-1 in a 1byte variable is 1111 1111 now when I try to printf it as if It was an unsigned integer I expect it to be 255 but some how It's treating it as if It was 4bytes all containing ones saying "0xff ff ff ff" which is 2 to the 32 minus 1 . why is that? and why it assumes the remaining 3 bytes as all ones?
#include "stdio.h"
int main ( ) {
char g = -1;
printf ( "g is %u \n" , g );
return 0;
}
CodePudding user response:
For starters in your program the type char behaves as the type signed char.
In this call
printf ( "b is %u \n" , g );
the expression g of the type char is promoted to the type int due to the integer promotions preserving the sign bit. The value -1 in an object of the type int for 2s complement system is represented like 0xff ff ff ff provided that sizeof( int ) is equal to 4..

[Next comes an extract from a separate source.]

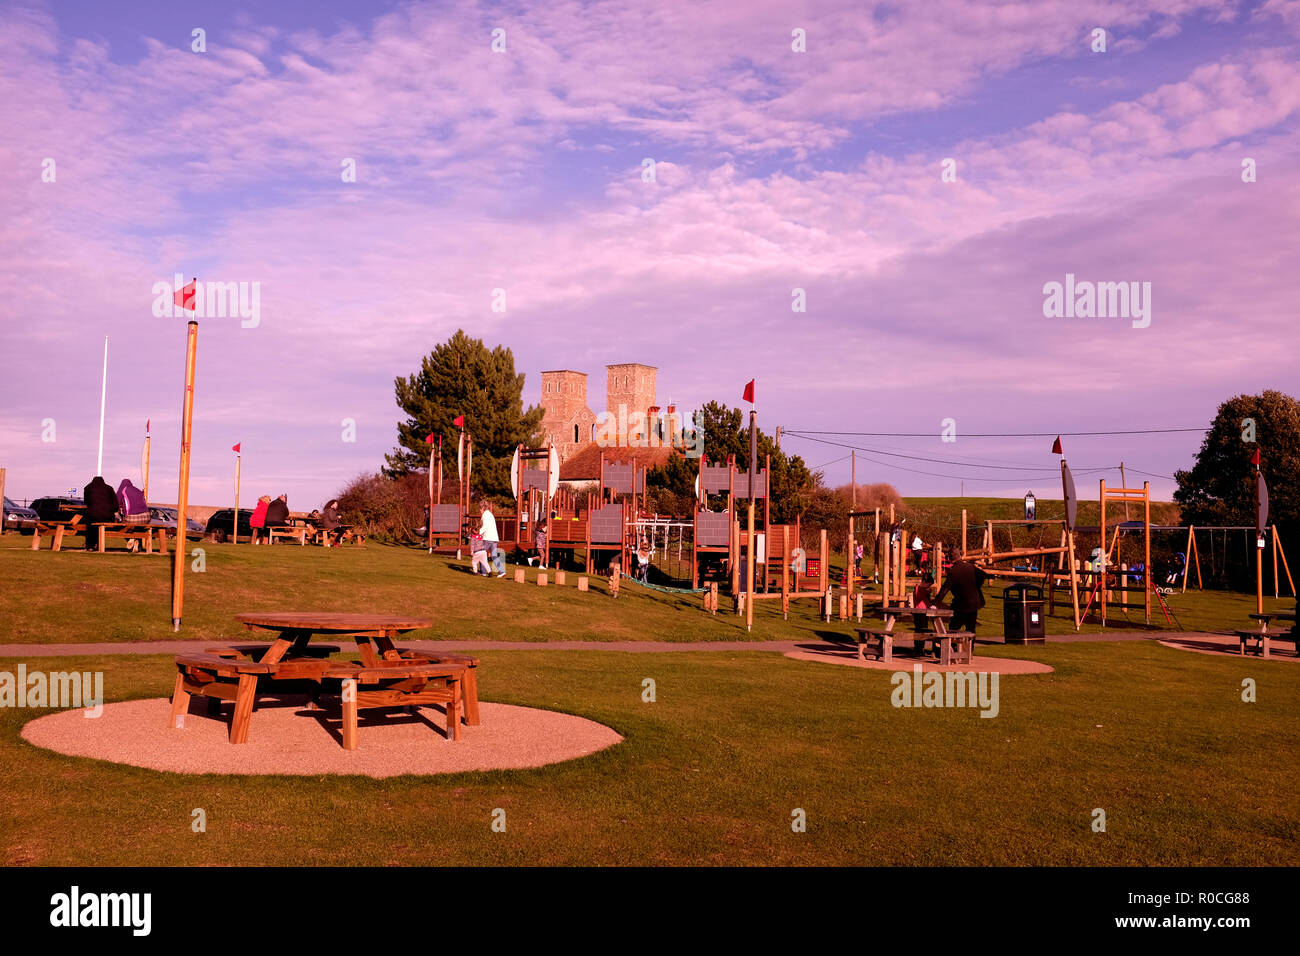 reculver bay in east kent uk nov 2018 - Stock Image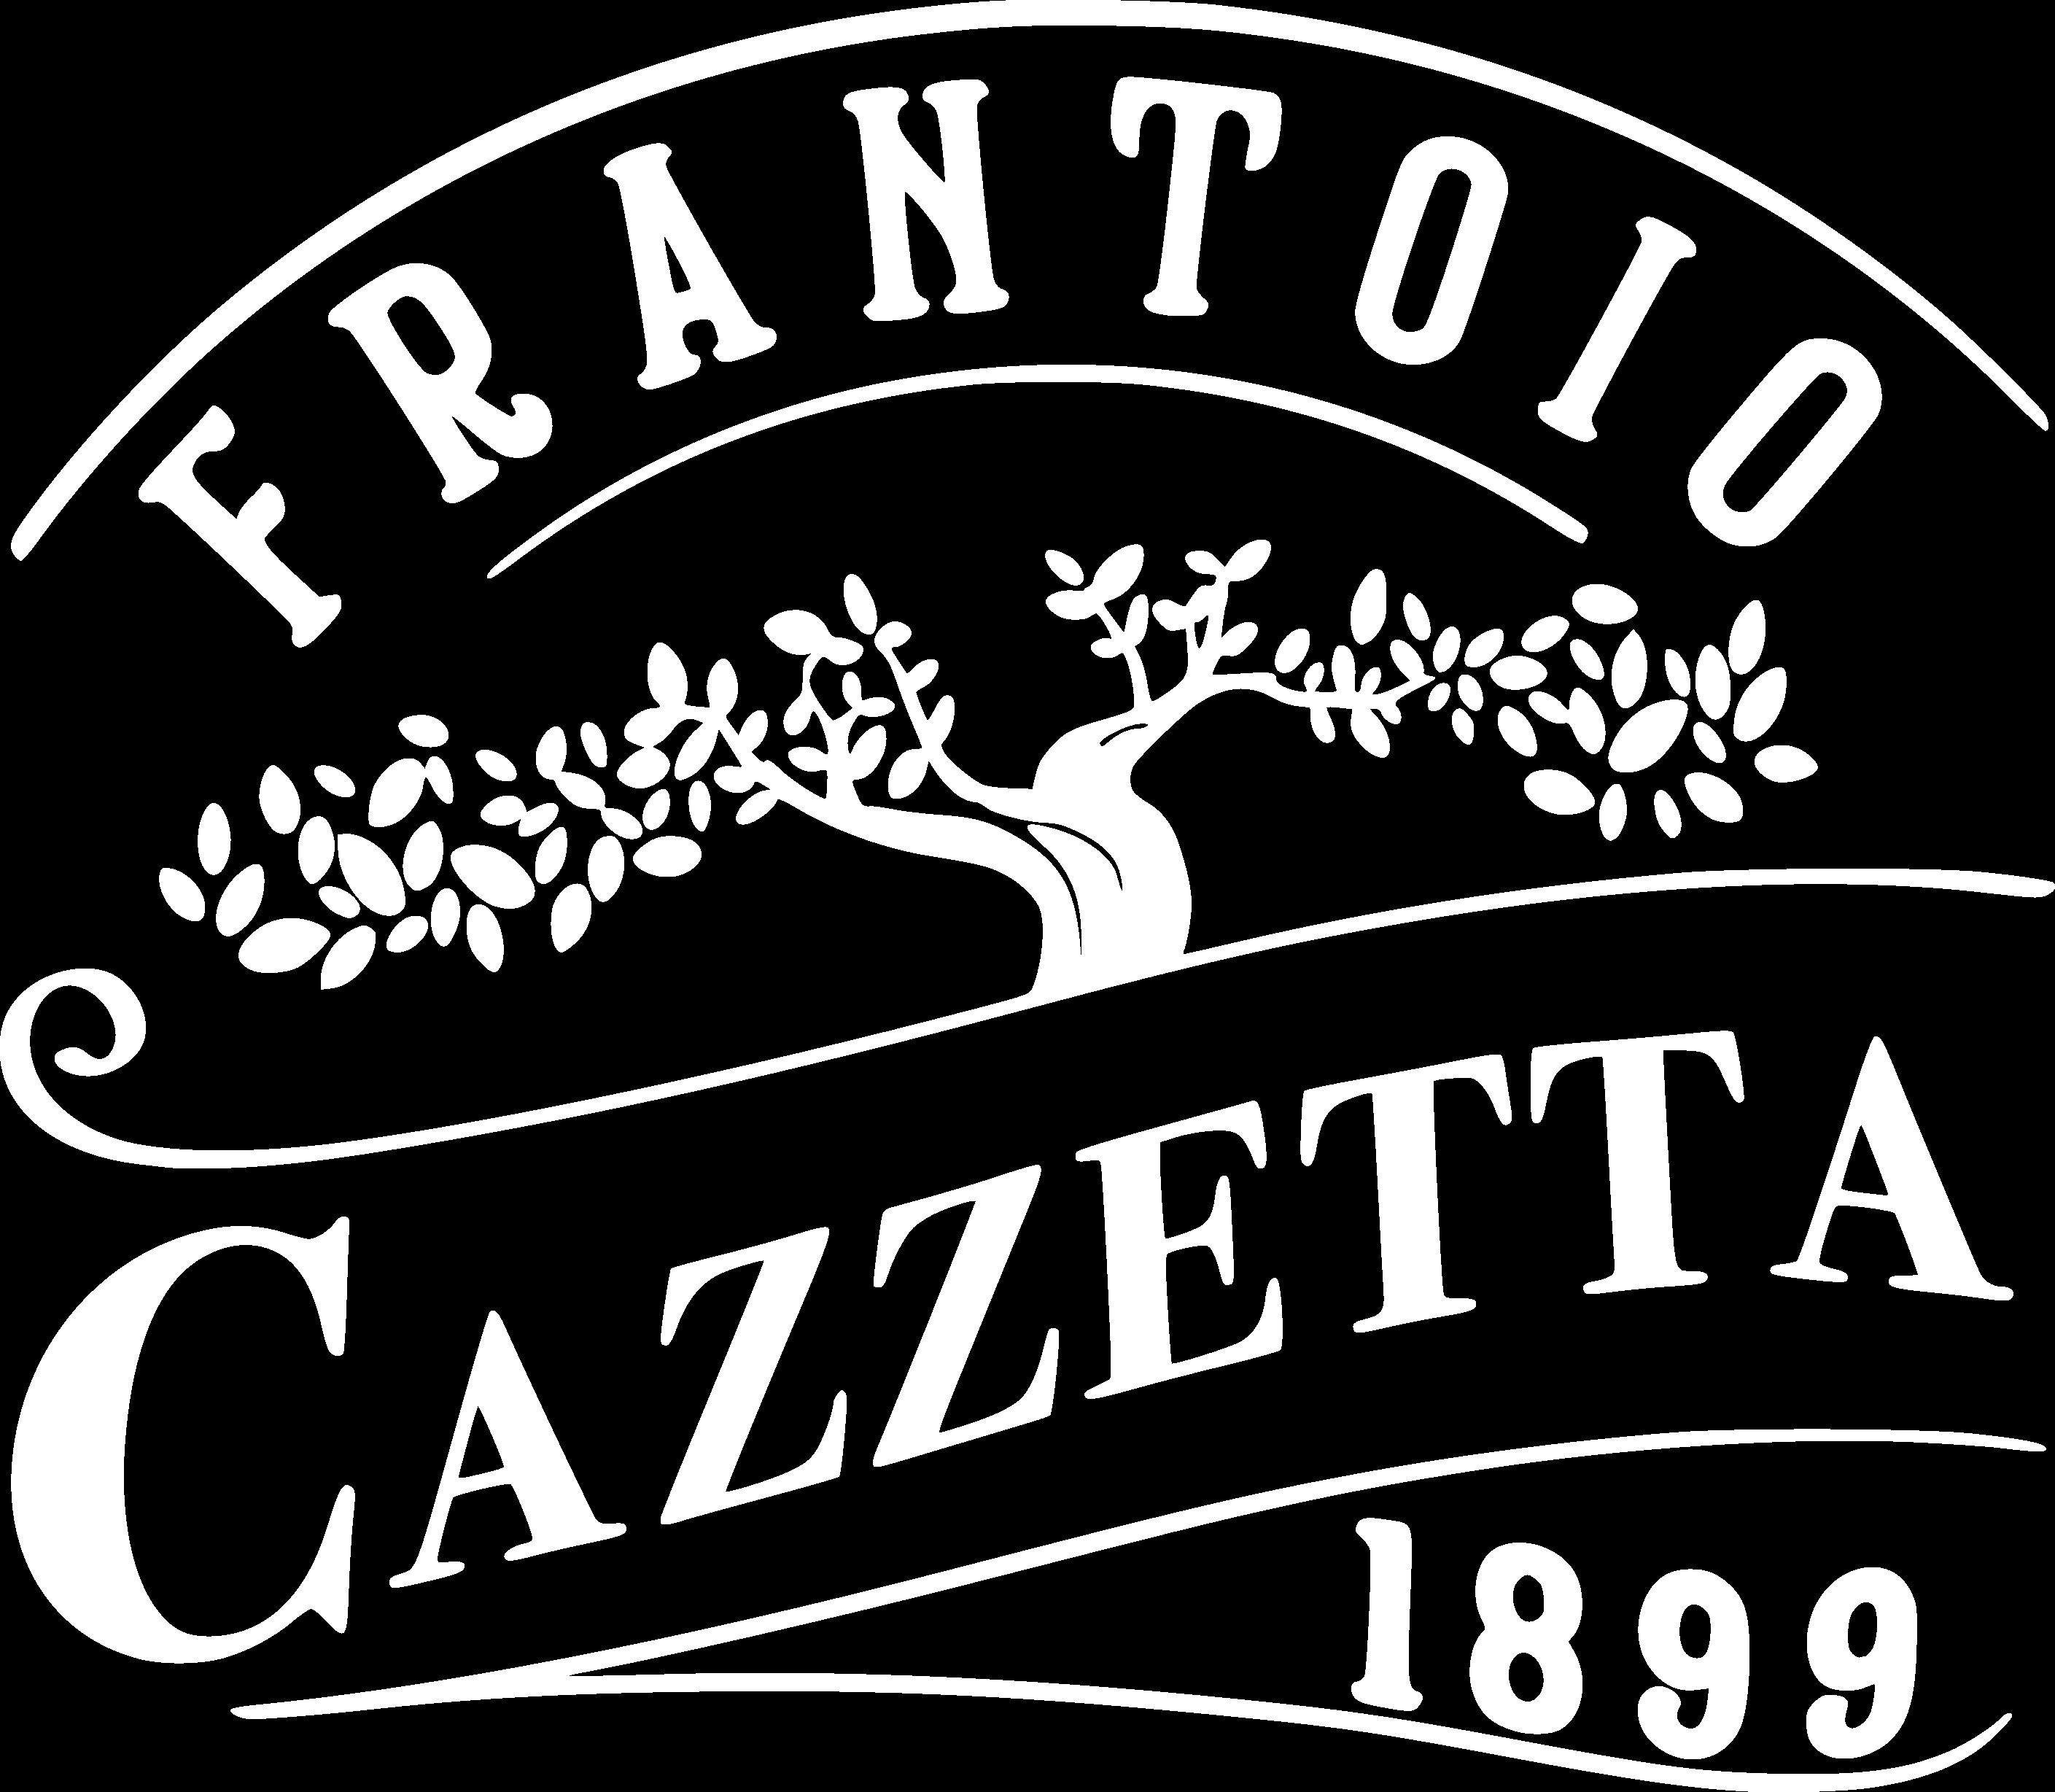 frantoio cazzetta logo 1899 white

It will more correctly to write
printf ( "b is %u \n" , ( unsigned int )g );
To get the expected result you need to write
printf ( "b is %u \n" , ( unsigned char )g );
CodePudding user response:
When you use the %u specifier with printf you are telling it to expect an int, which on your system is apparently 32-bits. So, -1 as a 32-bit int on your system is represented by 0xffffffff.
It then prints this as an unsigned int, giving you the result you're seeing.
As mentioned in the comments, replace the %u specifier with %hhu to avoid the promotion of your 8-bit signed value into a 32-bit signed value.
For a list of C printf specifiers, see this page on cplusplus.com.
The %h specifier indicates a short int which is 16-bits. The %hh specifier indicates a short short int or just char which is a single byte.